Exercise objective.
The data below is to be transcribed word for word; pictures are to be excluded.

START Collected data

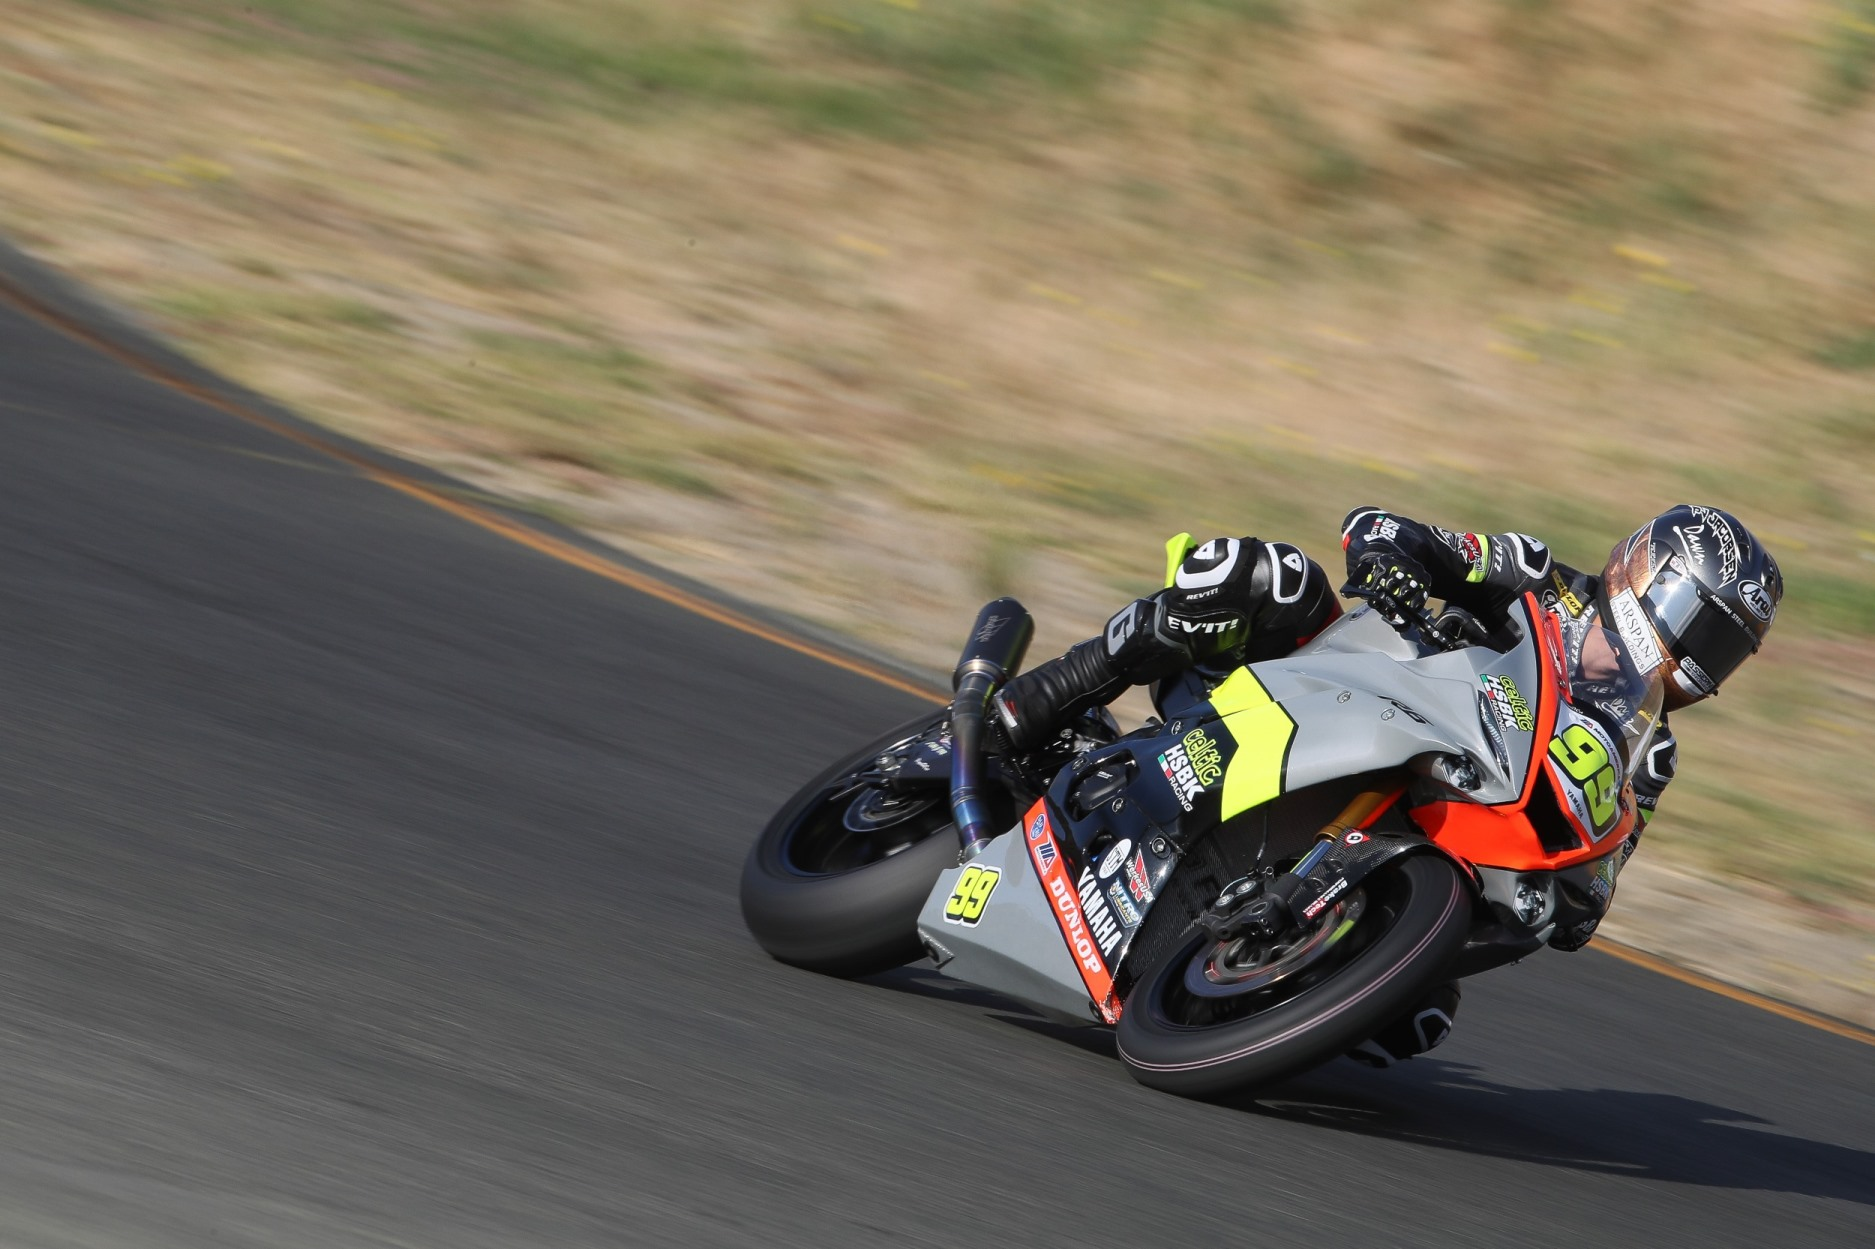 VIDEO: 2019 CELTIC HSBK RACING PJ JACOBSEN DOMINATES MOTOAMERICA RACE 2 AT SONOMA RACEWAY
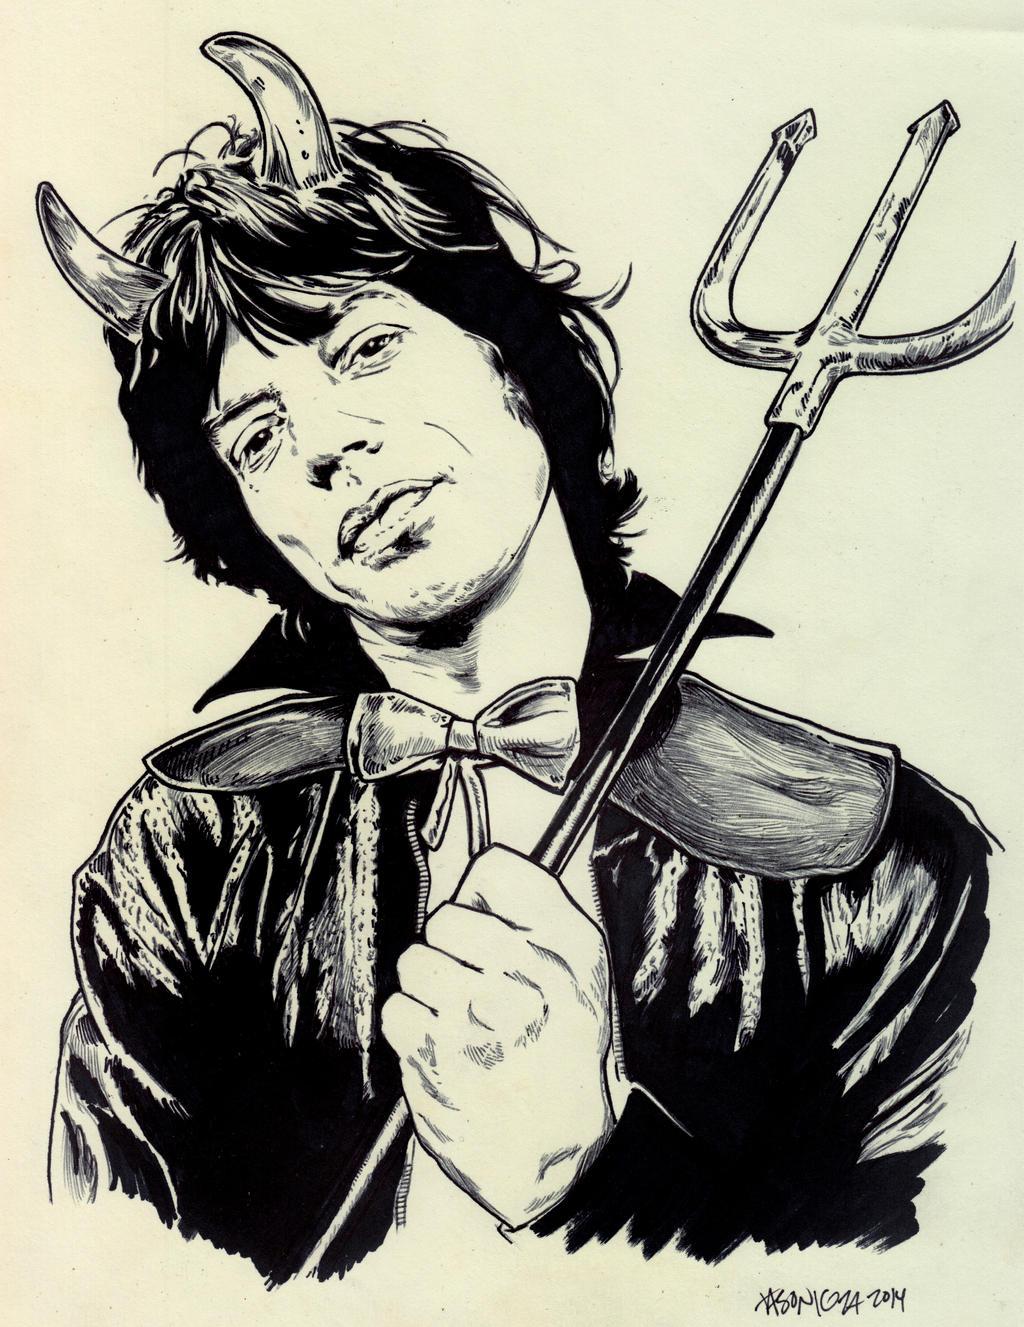 Mick Jagger - Sympathy For The Devil
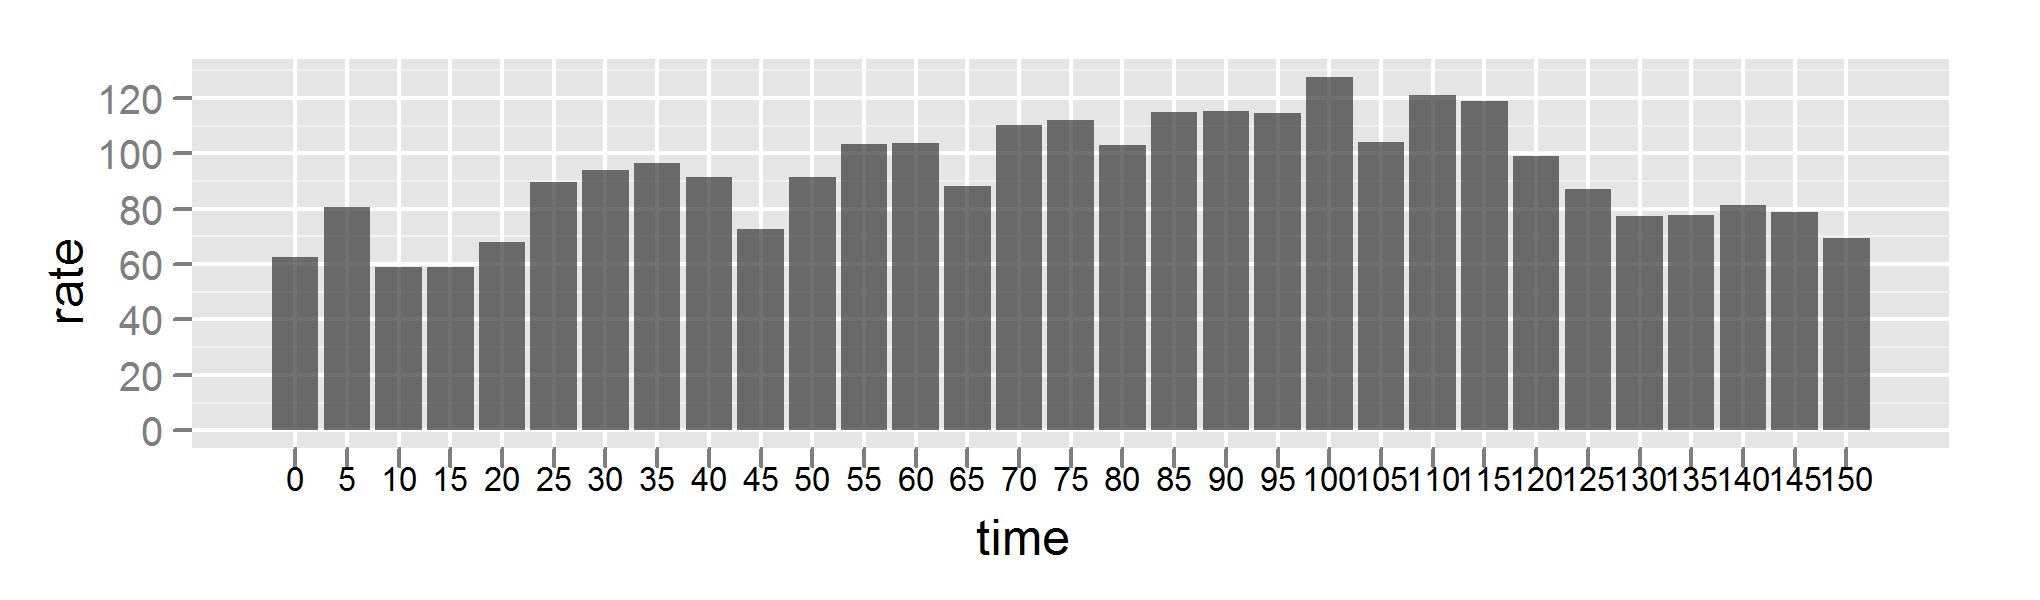 Bar chart of heart rate data
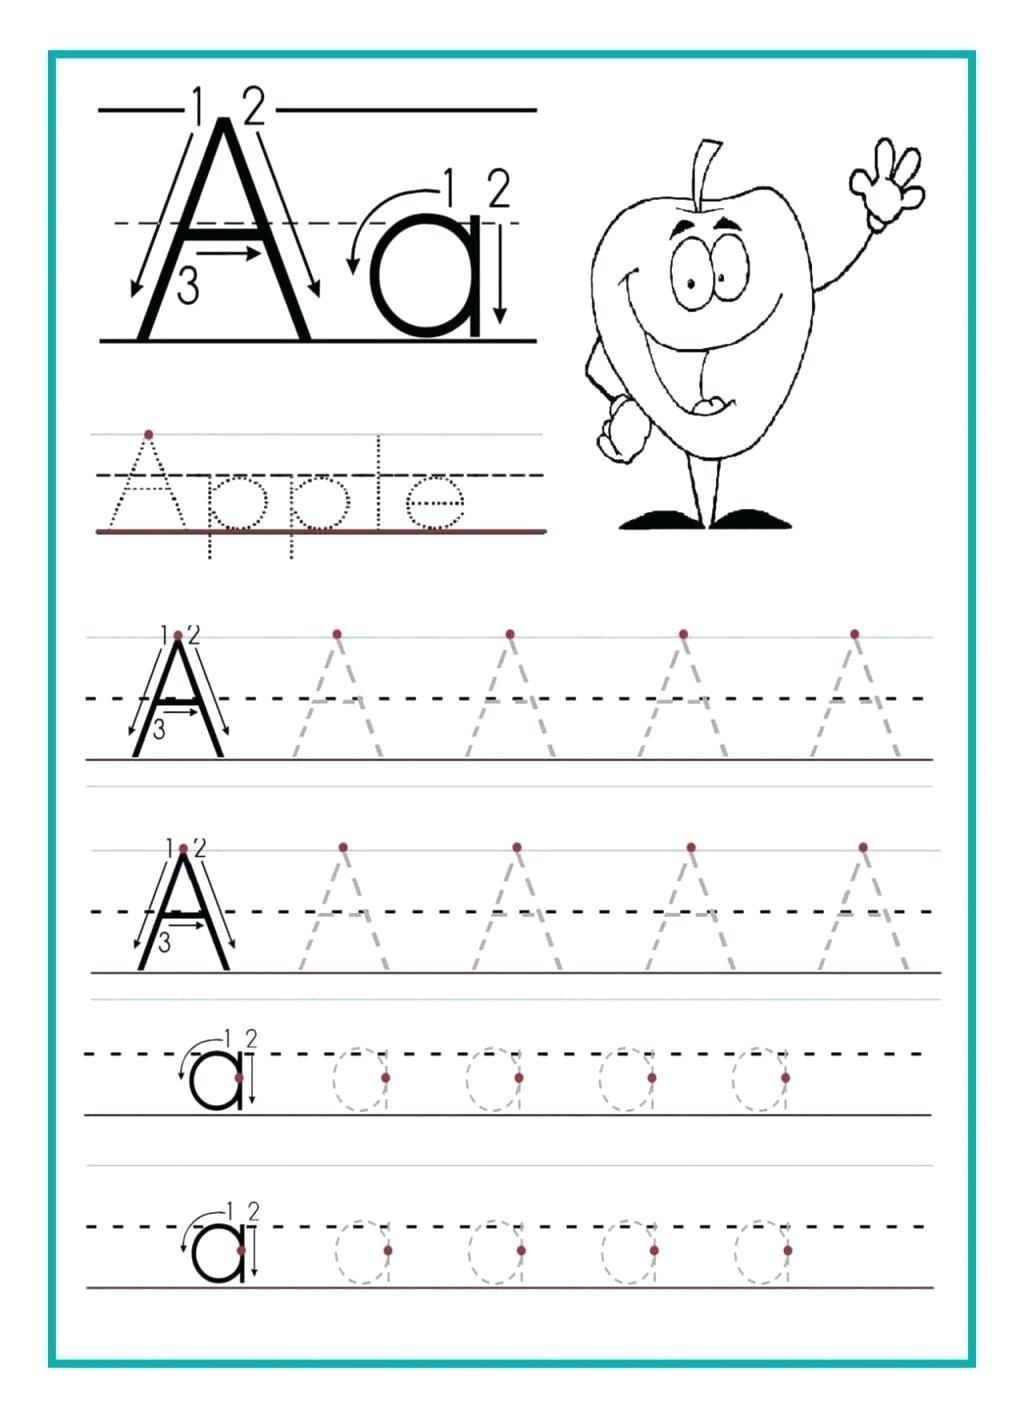 Worksheet First Grade Math Problems Idea Book Printing Games For Kindergarten English Worksheets Pdf

END Collected data

Task solution.
 VIDEO: 2019 CELTIC HSBK RACING PJ JACOBSEN DOMINATES MOTOAMERICA RACE 2 AT SONOMA RACEWAY
 Mick Jagger - Sympathy For The Devil
 Bar chart of heart rate data
 Worksheet First Grade Math Problems Idea Book Printing Games For Kindergarten English Worksheets Pdf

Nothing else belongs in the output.